• [Your assignment]: Look through the records below for the line with "American Set of" and the line with "Close-up of a cane toad sitting in grass", then return those lines and all lines between, exactly.

• [Data provided]:
--- START ---

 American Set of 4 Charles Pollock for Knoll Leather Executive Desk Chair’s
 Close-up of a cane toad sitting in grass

--- END ---
--- START ---

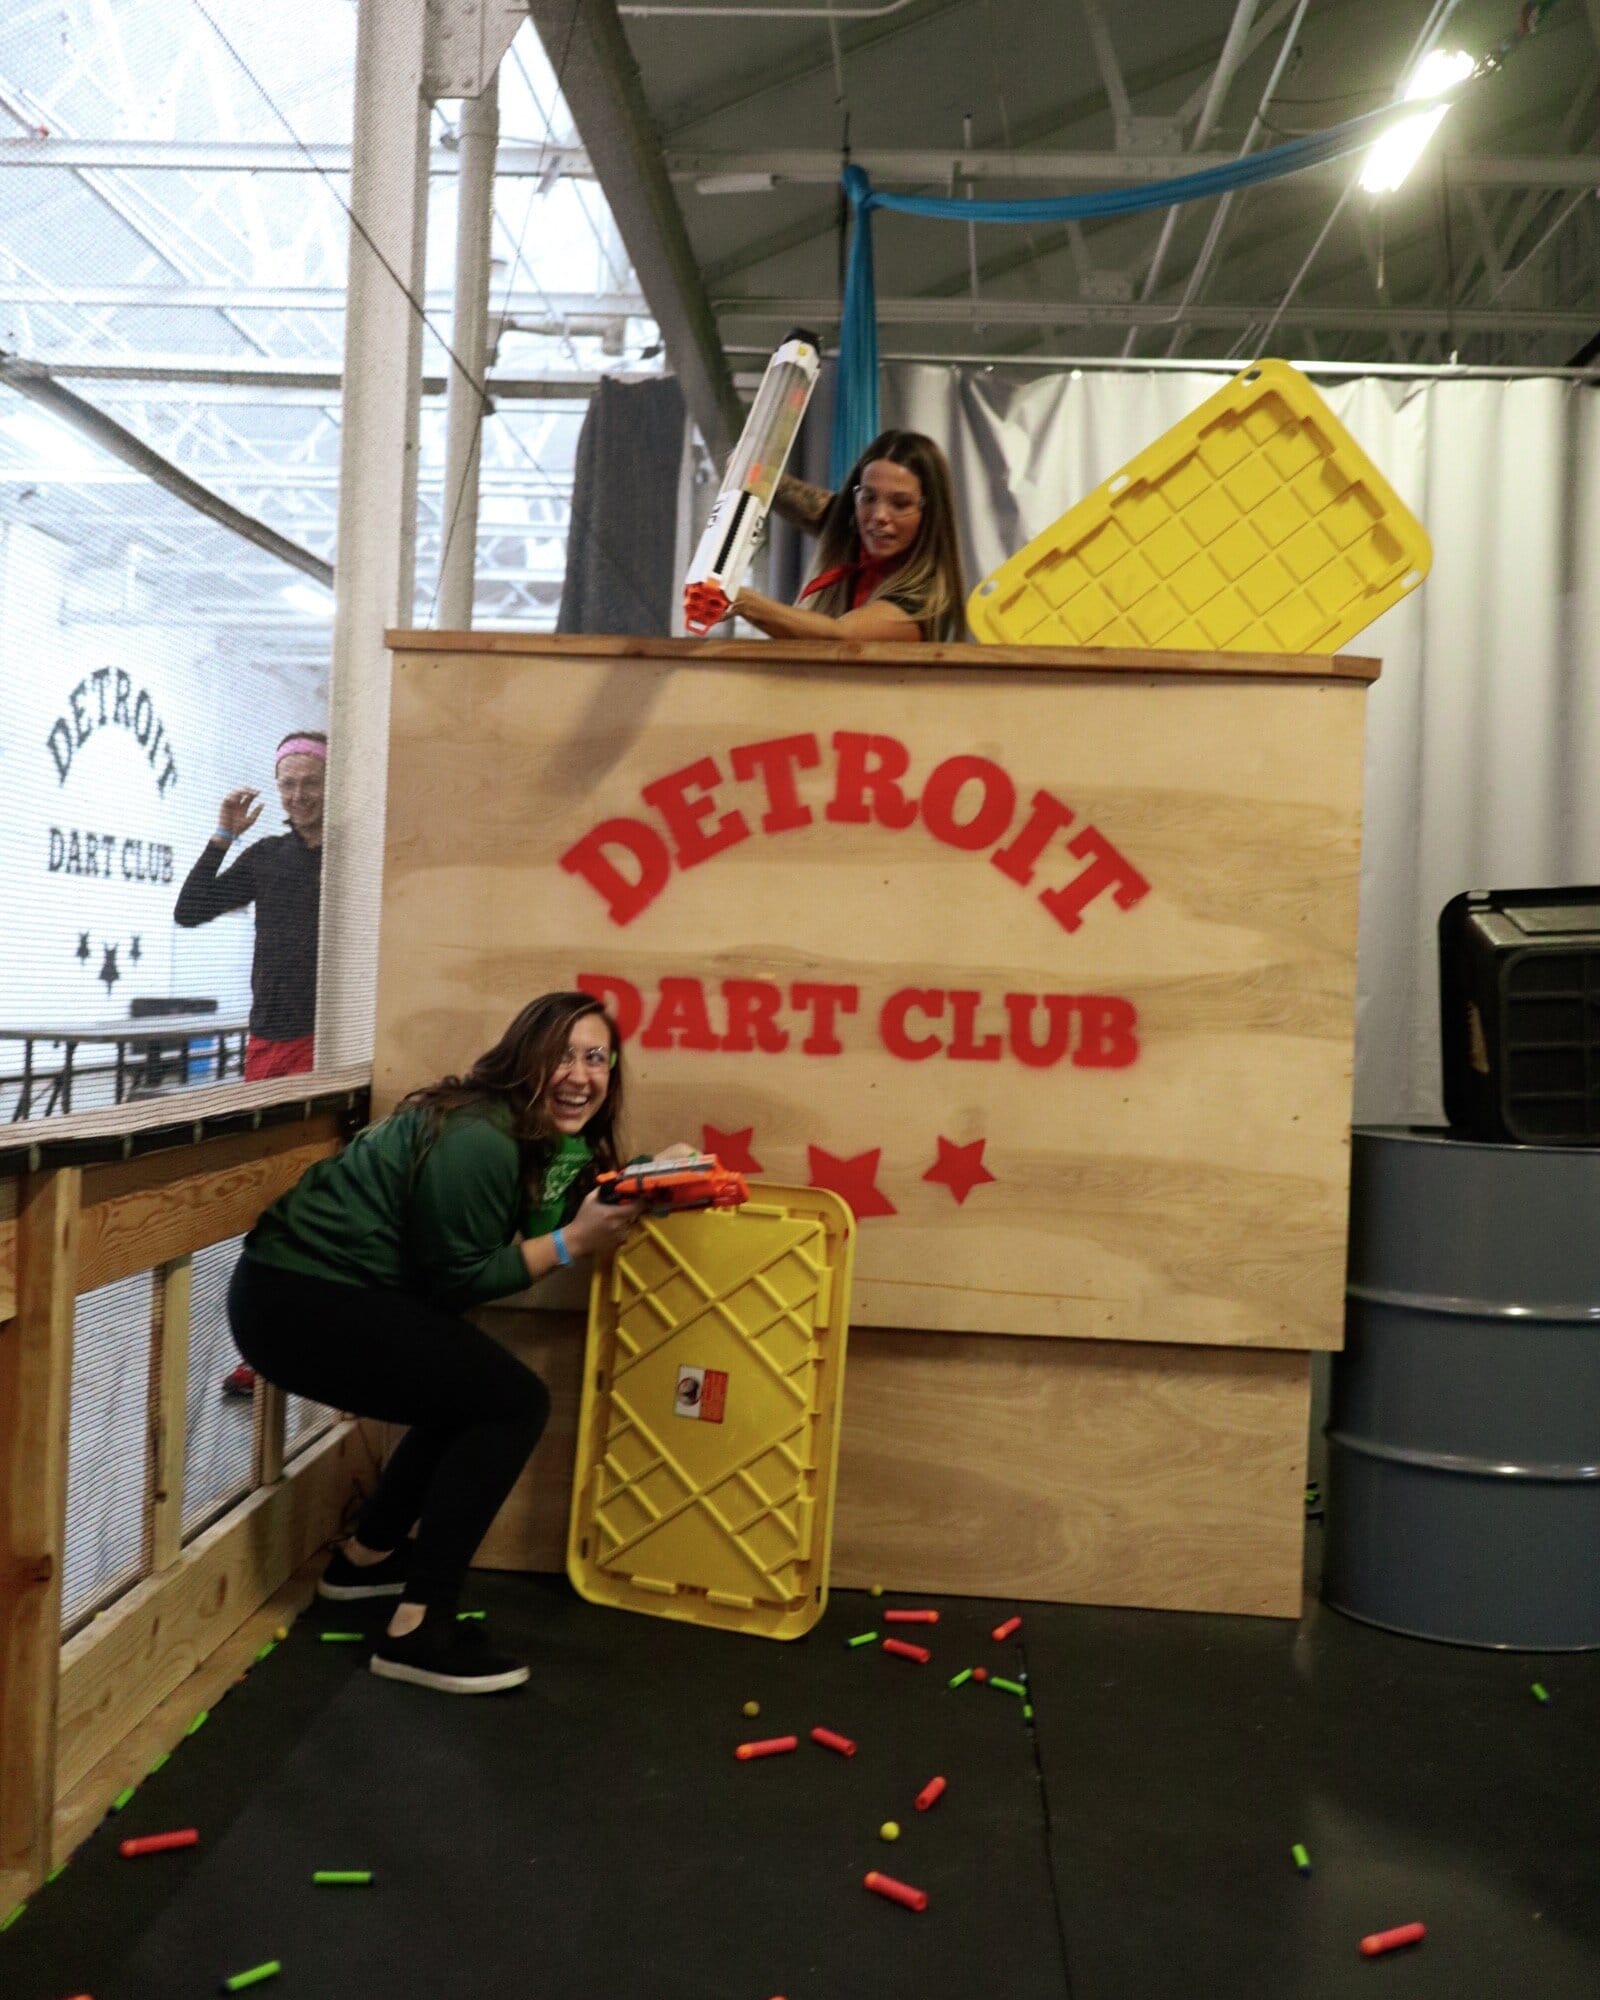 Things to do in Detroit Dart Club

--- END ---
--- START ---

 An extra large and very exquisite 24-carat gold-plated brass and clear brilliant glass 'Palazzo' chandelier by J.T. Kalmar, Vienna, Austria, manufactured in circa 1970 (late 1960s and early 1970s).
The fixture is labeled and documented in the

--- END ---

• [Exercise solution]:
 American Set of 4 Charles Pollock for Knoll Leather Executive Desk Chair’s
 Close-up of a cane toad sitting in grass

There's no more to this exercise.